» **Task statement**
Entries below include pictures. Output exactly the lines from the one with "Apartament Per Shitje" down to the one with "6530 Pantalones largos", both ends included, and leave the pictures out.

» **The input**
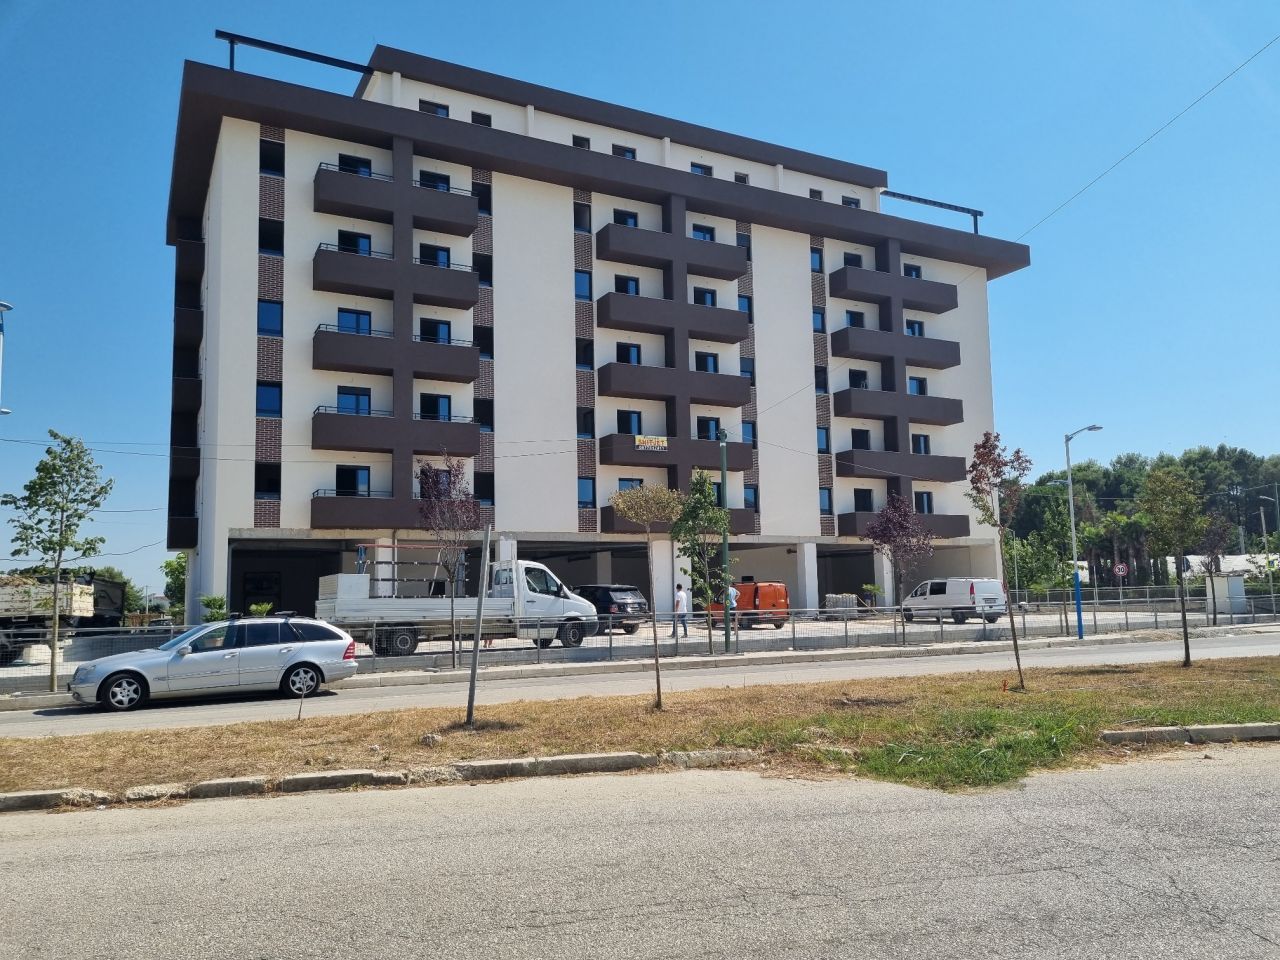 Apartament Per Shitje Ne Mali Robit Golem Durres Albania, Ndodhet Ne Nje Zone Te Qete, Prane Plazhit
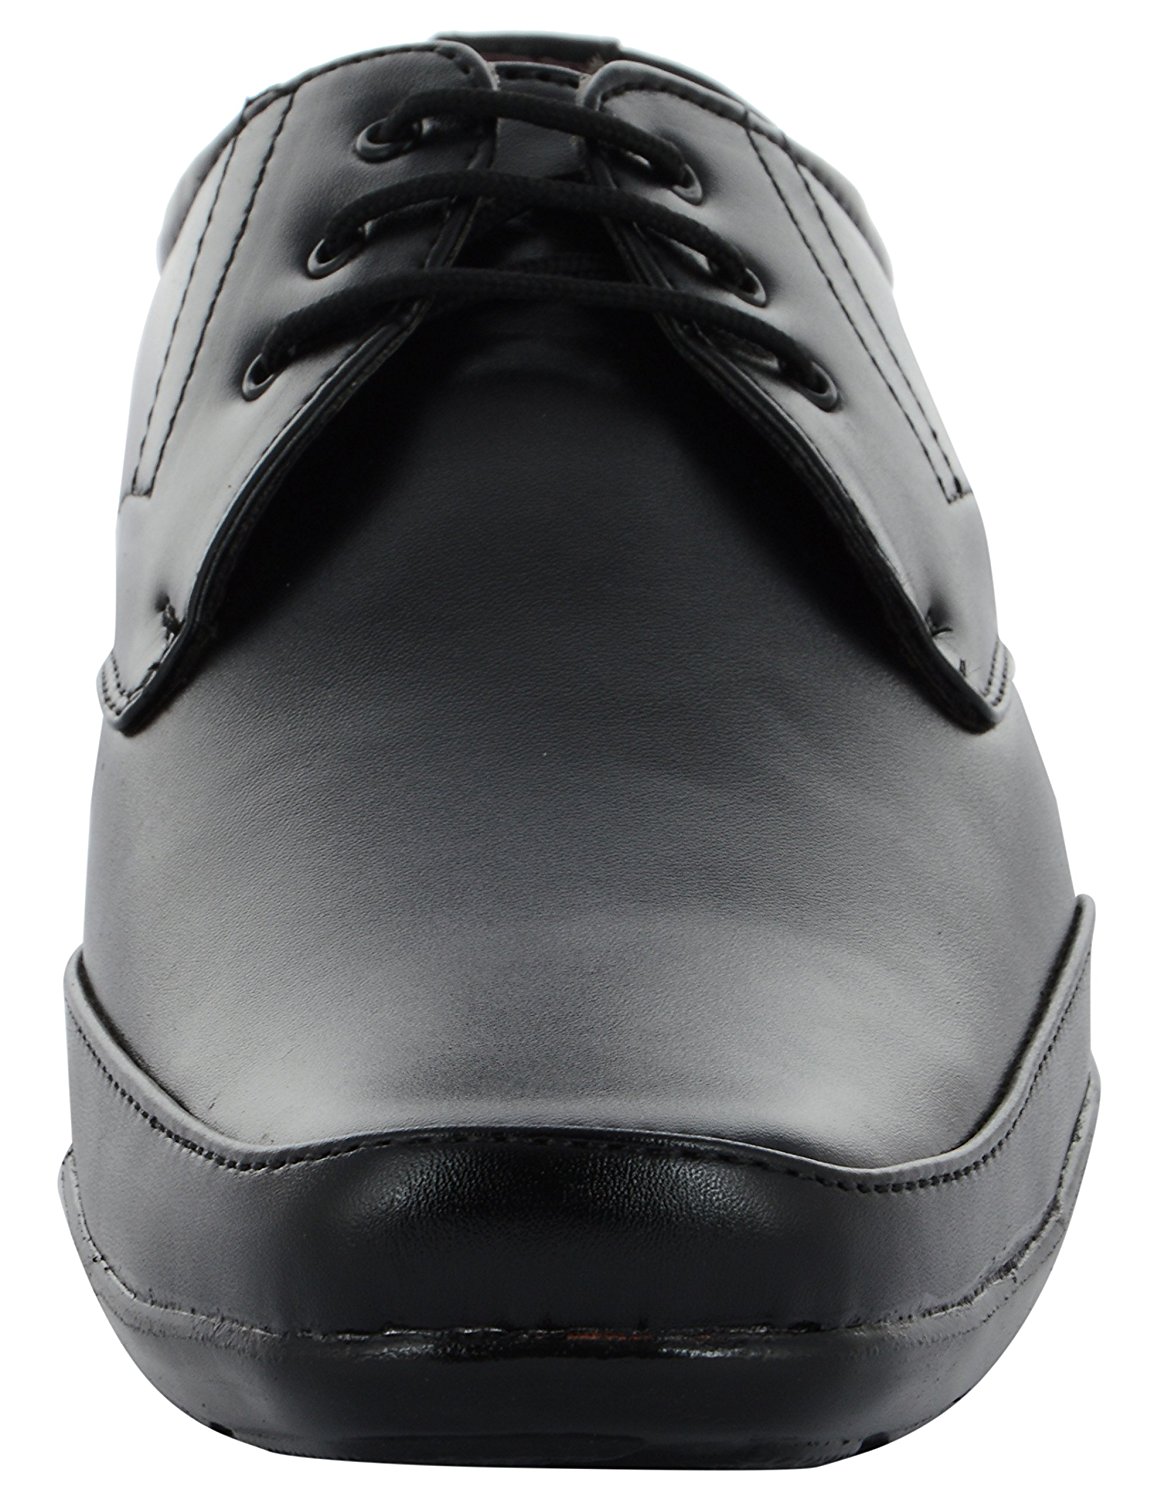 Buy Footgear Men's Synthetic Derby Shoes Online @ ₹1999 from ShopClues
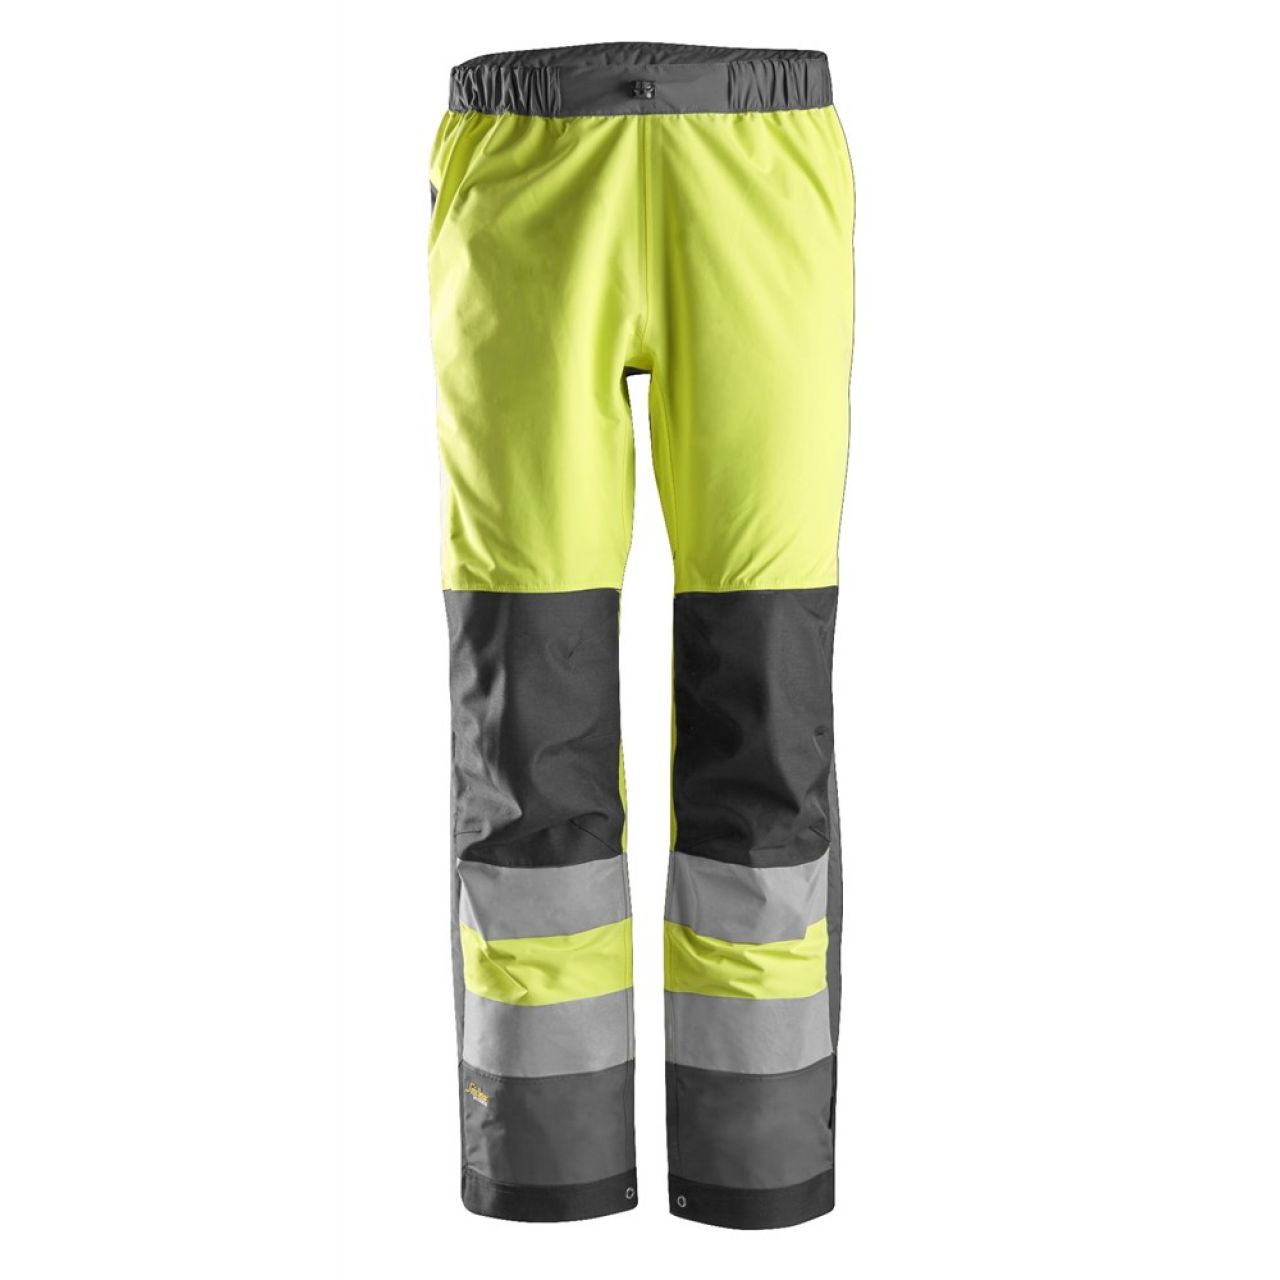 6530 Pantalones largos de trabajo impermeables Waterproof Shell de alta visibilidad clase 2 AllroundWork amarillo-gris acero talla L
* * *
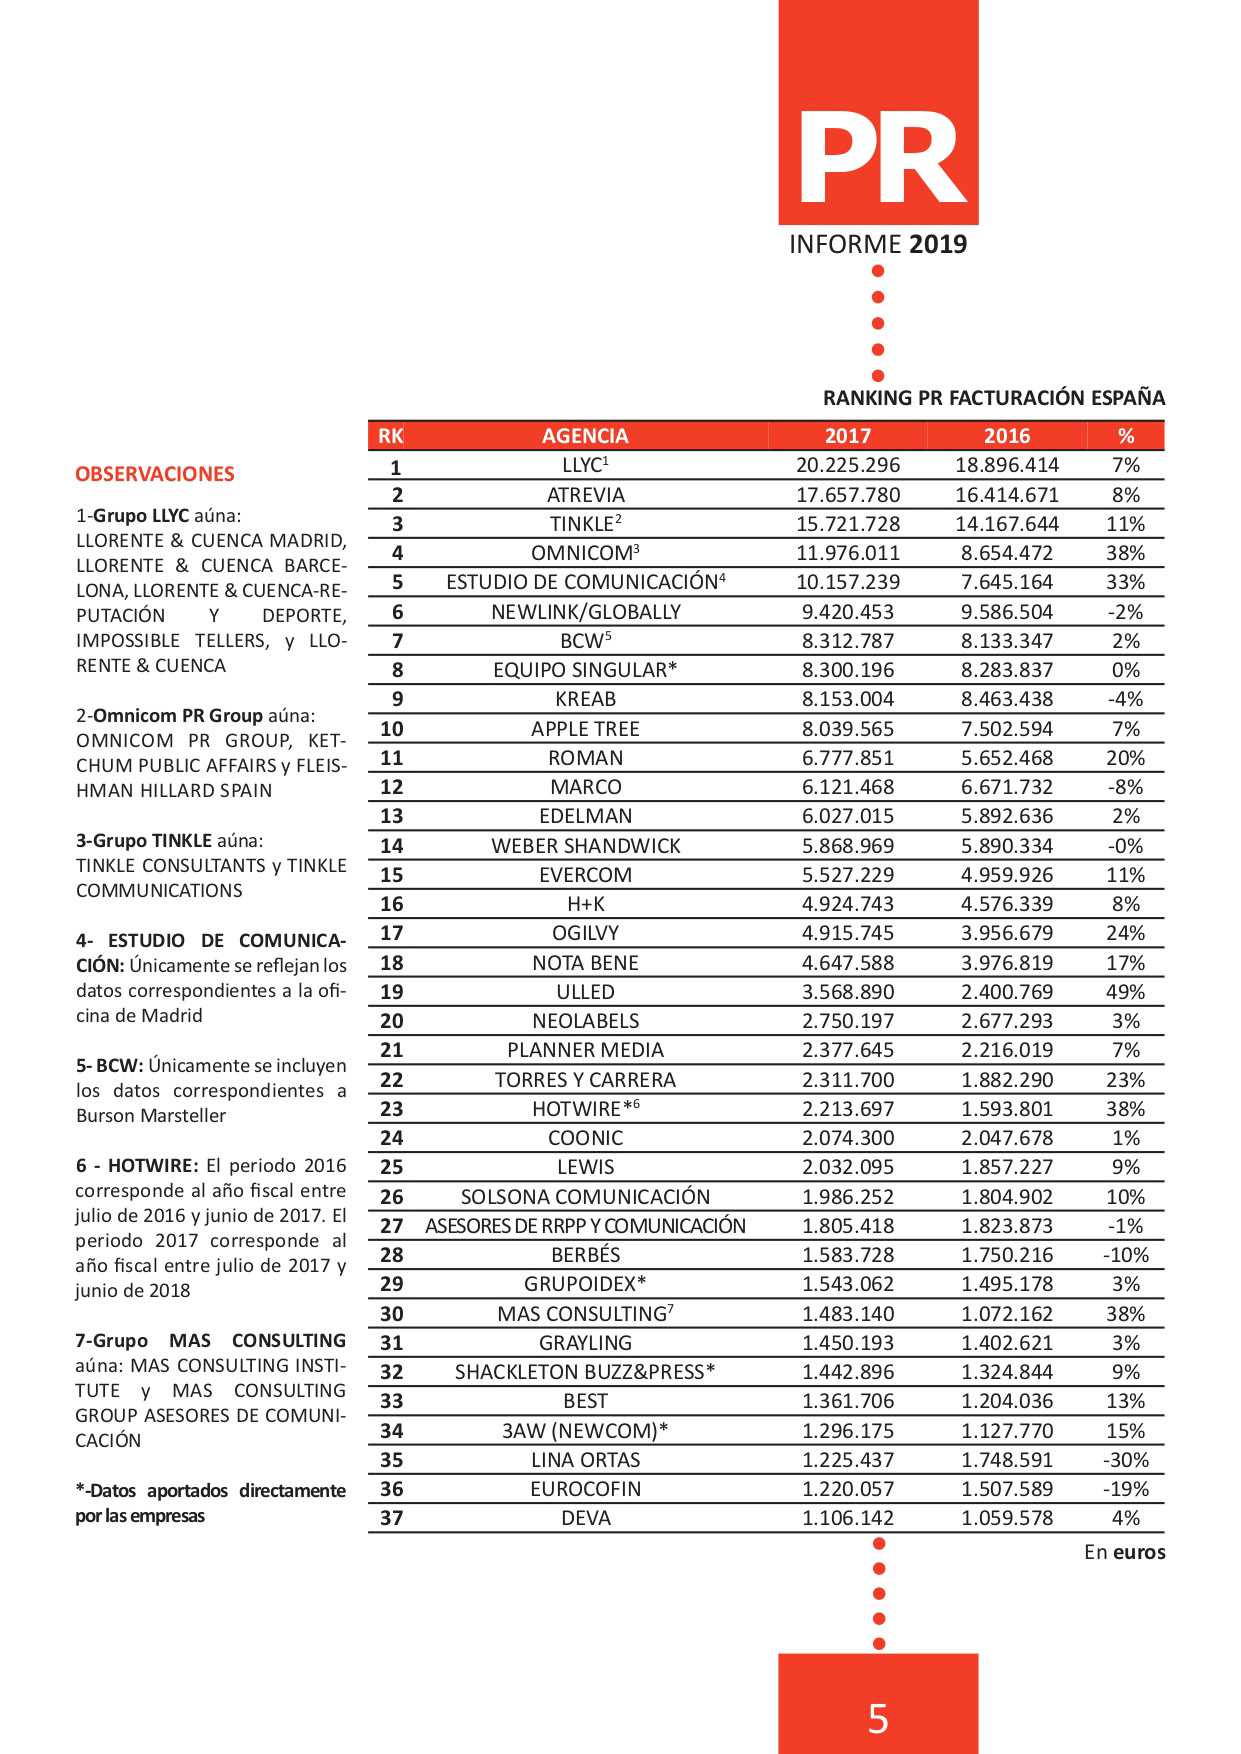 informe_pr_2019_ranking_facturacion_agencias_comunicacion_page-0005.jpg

» **Result for this task**
 Apartament Per Shitje Ne Mali Robit Golem Durres Albania, Ndodhet Ne Nje Zone Te Qete, Prane Plazhit
 Buy Footgear Men's Synthetic Derby Shoes Online @ ₹1999 from ShopClues
 6530 Pantalones largos de trabajo impermeables Waterproof Shell de alta visibilidad clase 2 AllroundWork amarillo-gris acero talla L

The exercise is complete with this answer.